Chota District is one of nineteen districts in the Chota Province in Peru. It is located in the central part of the province in the northern Andean region of Peru. Its capital is located on the plateau of Acunto at 2,388 meters above sea level and 150 km north of Cajamarca, or 219 km east of Chiclayo, Lambayeque.

==History==
The pre-Incan history of Chota clearly shows the influence of Mochica Chavín; Miguel Cabello de Balboa in his Miscelánea Antárctica described their god Chota as a "man of great talent and great valor"—specifically mentioning the Acunto plateau. One of his descendants also carried this name. The Spanish conquest found the locals in a disorganized and rebellious state.

During the war with Chile, after the battle of San Pablo when the Araucanian entered Chota, the people decided to poison the waters of Colpamayo. Chileans ordered the burning of Chota, August 29, 1882 in retaliation for the defeat they suffered at San Pablo. Thousands of houses fell, and the church burned although the statue of their patron saint, Maria Inmaculada, was saved.

Chota dates to the pre-Inca period through the Incan. It was founded on 1 November 1559 and became part of the district of Huambo in 1777, with the name "All Saints". Chota was proclaimed independent on January 12, 1821. Horacio Villanueva granted it the status of "province" under Mayor Innocent Consar on February 6, 1821, and provisional status was granted by Don José de San Martín during the Protectorate.

==Festivals==
The main festival is San Juan, held on 24 June; the bullfight in the Coso "El Vizcaíno", is the primary attraction.

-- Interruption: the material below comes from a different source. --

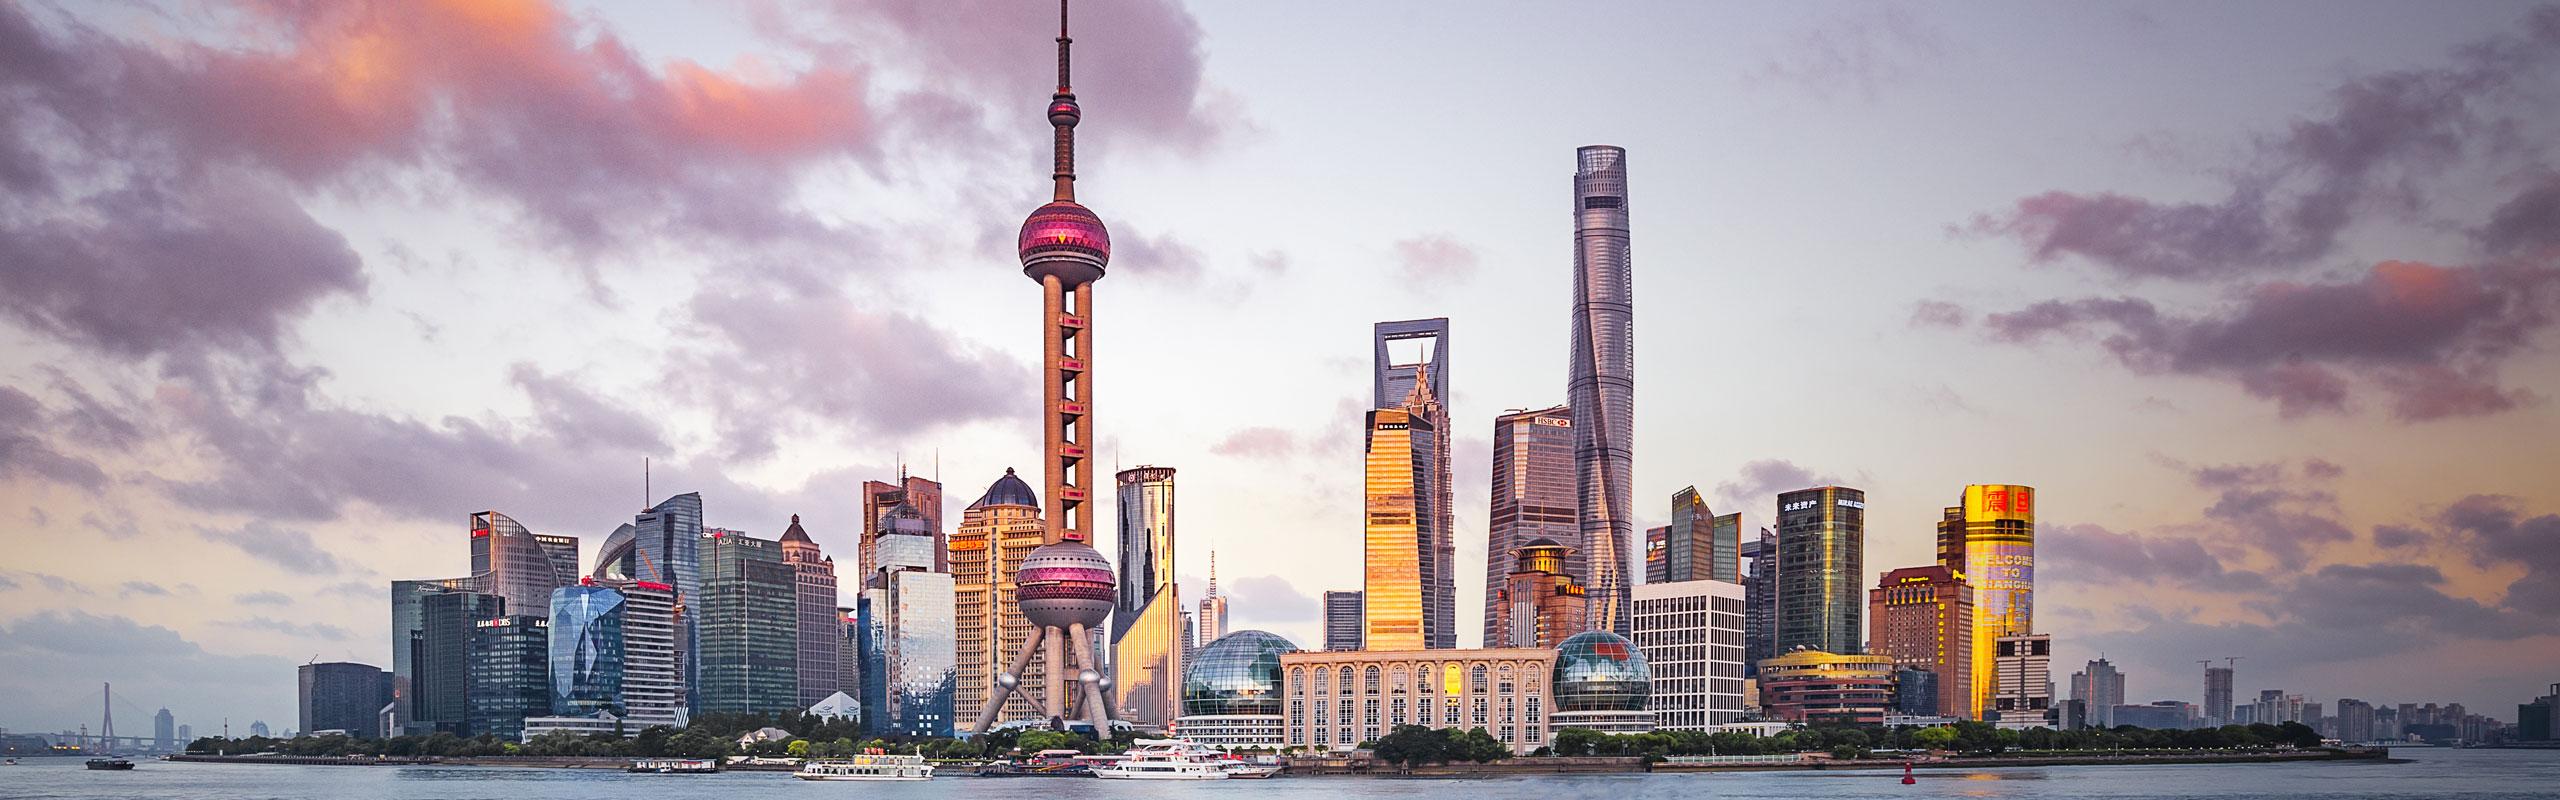 China City Guide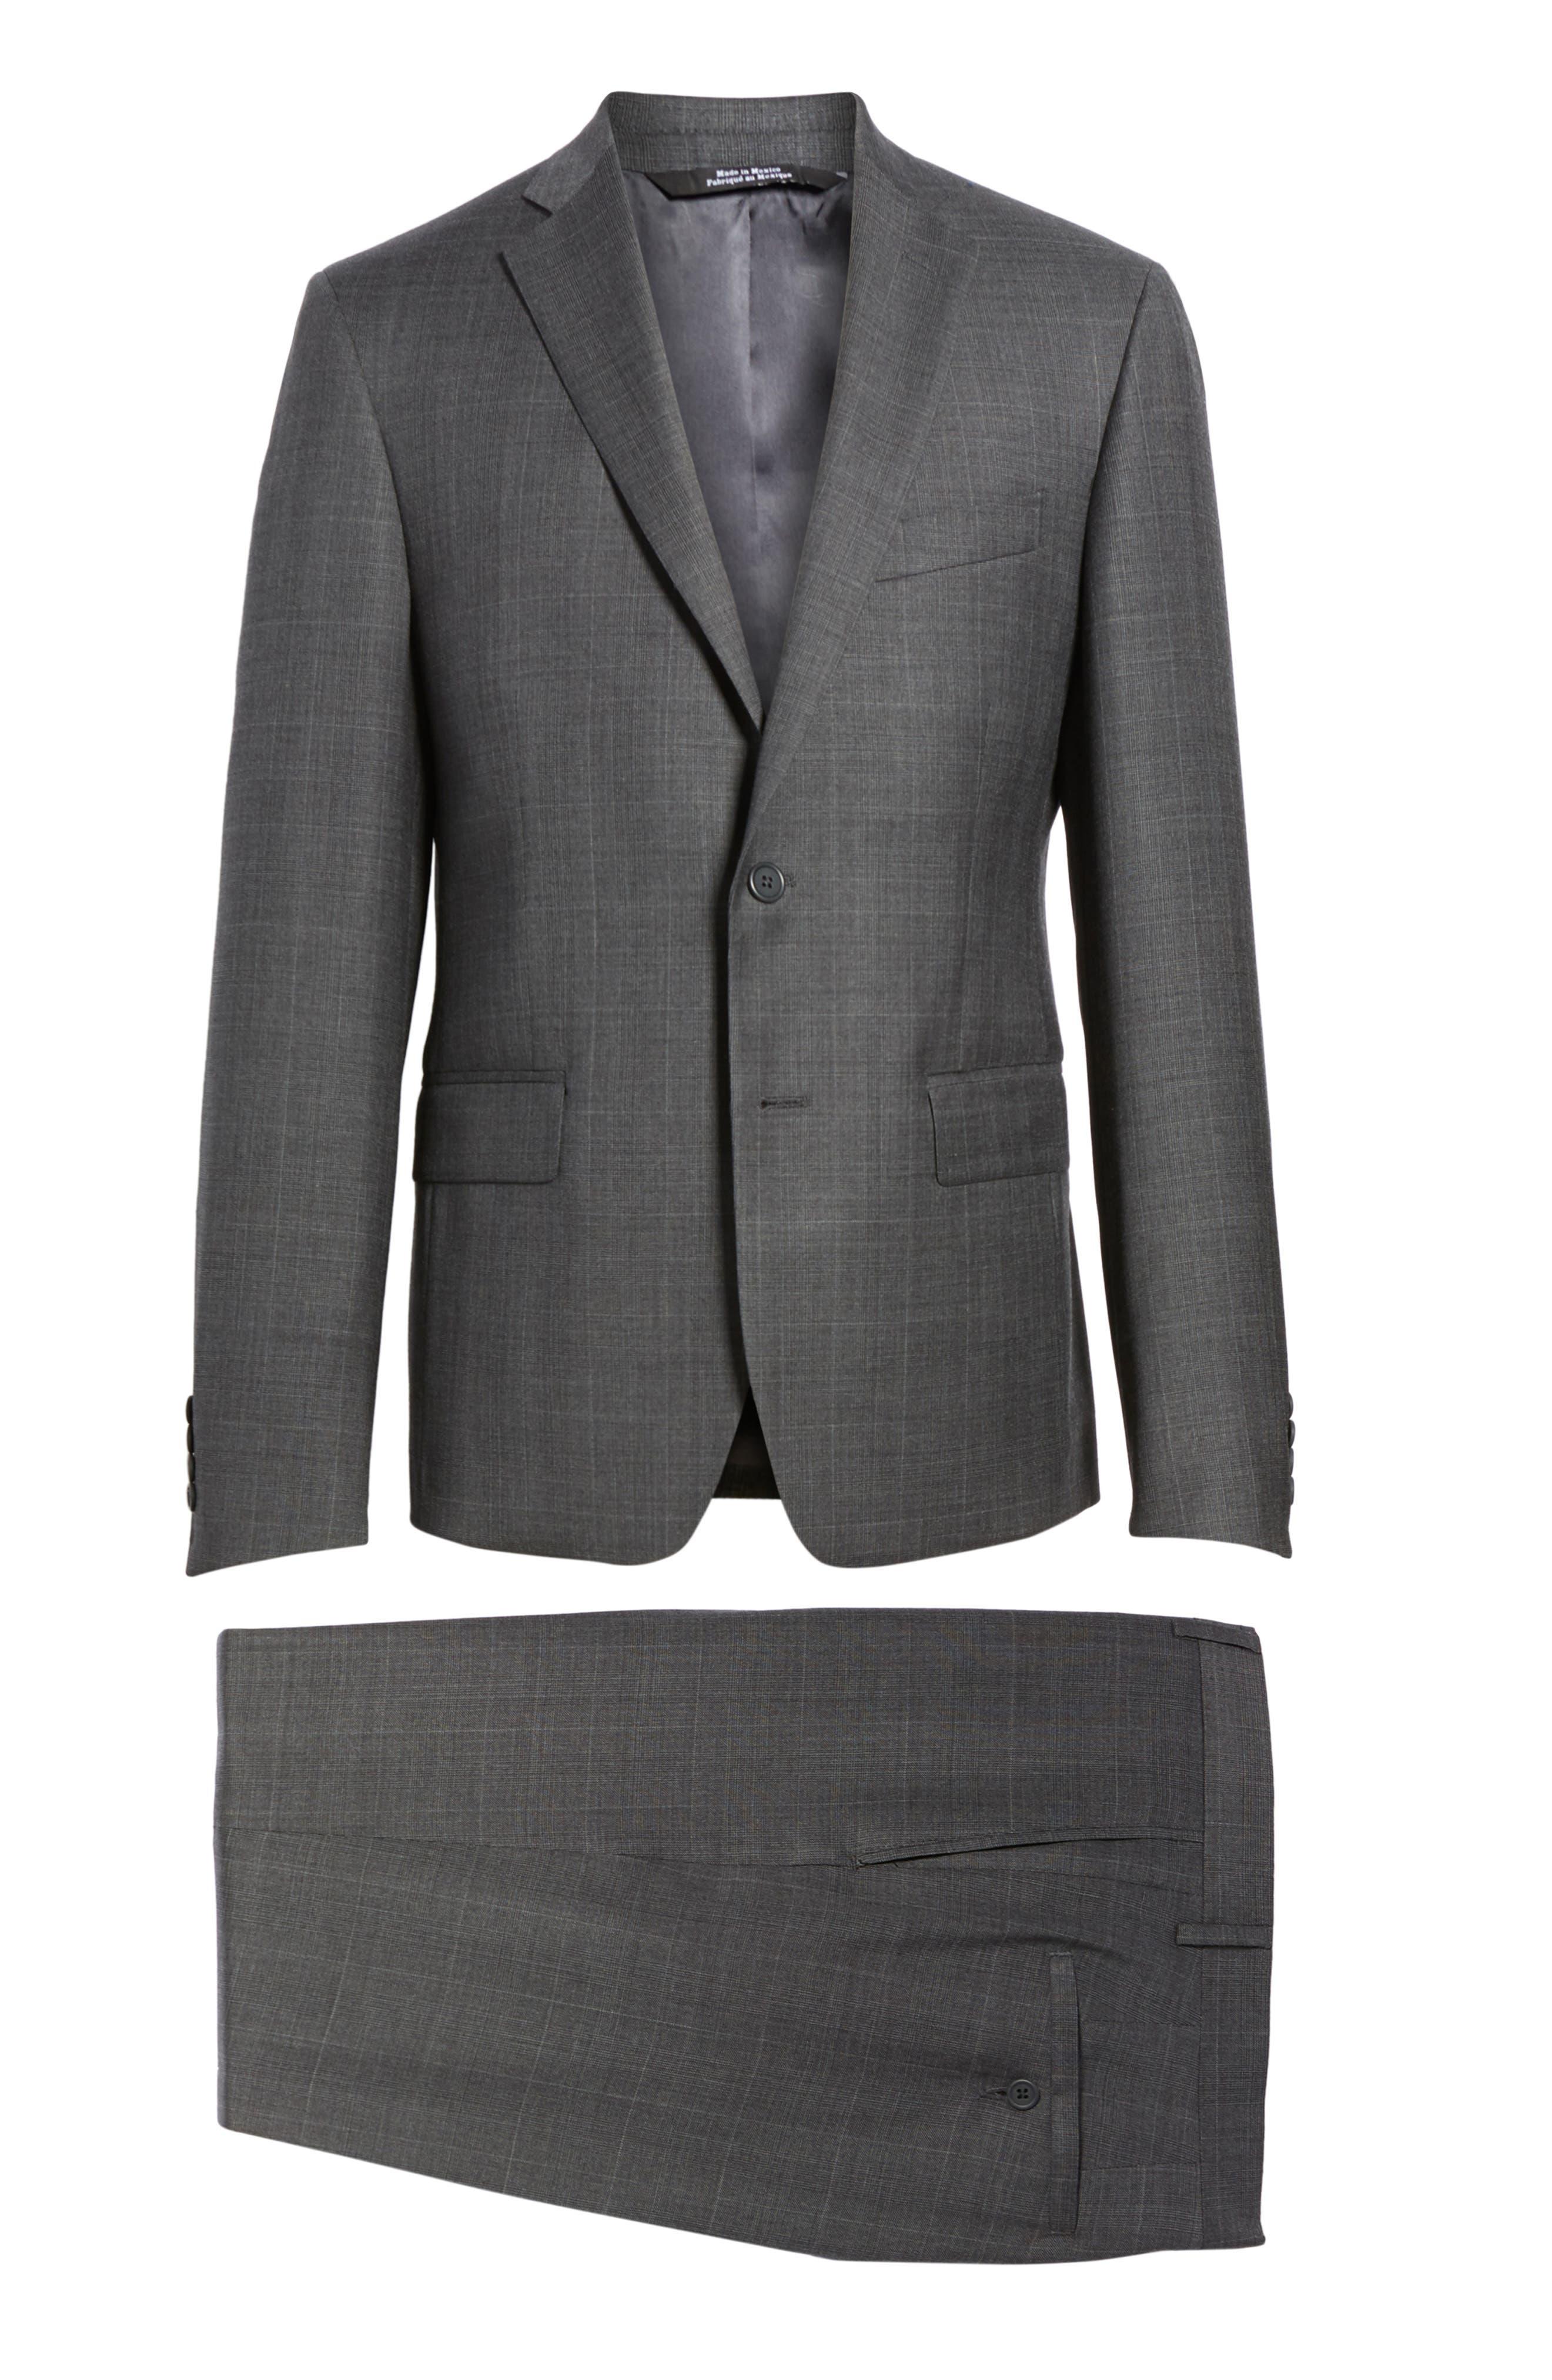 Extra Trim Fit Plaid Wool Suit,                             Alternate thumbnail 8, color,                             Grey

The Patronal Fiesta Santa Rosa de Lima takes place in the Cabracancha district of Chota, and is celebrated on August 30.

==Ronda Campesinos==
The history Los Ronderos Campesinos began in Chota and has spread to many parts of Cajamarca. Chota was known to have "neighborhood watch" like vigilante organizations in many of its communities. However, Cuyulmalca got the credit as being the first group of Ronderos Campesinos to be recognized by the local government.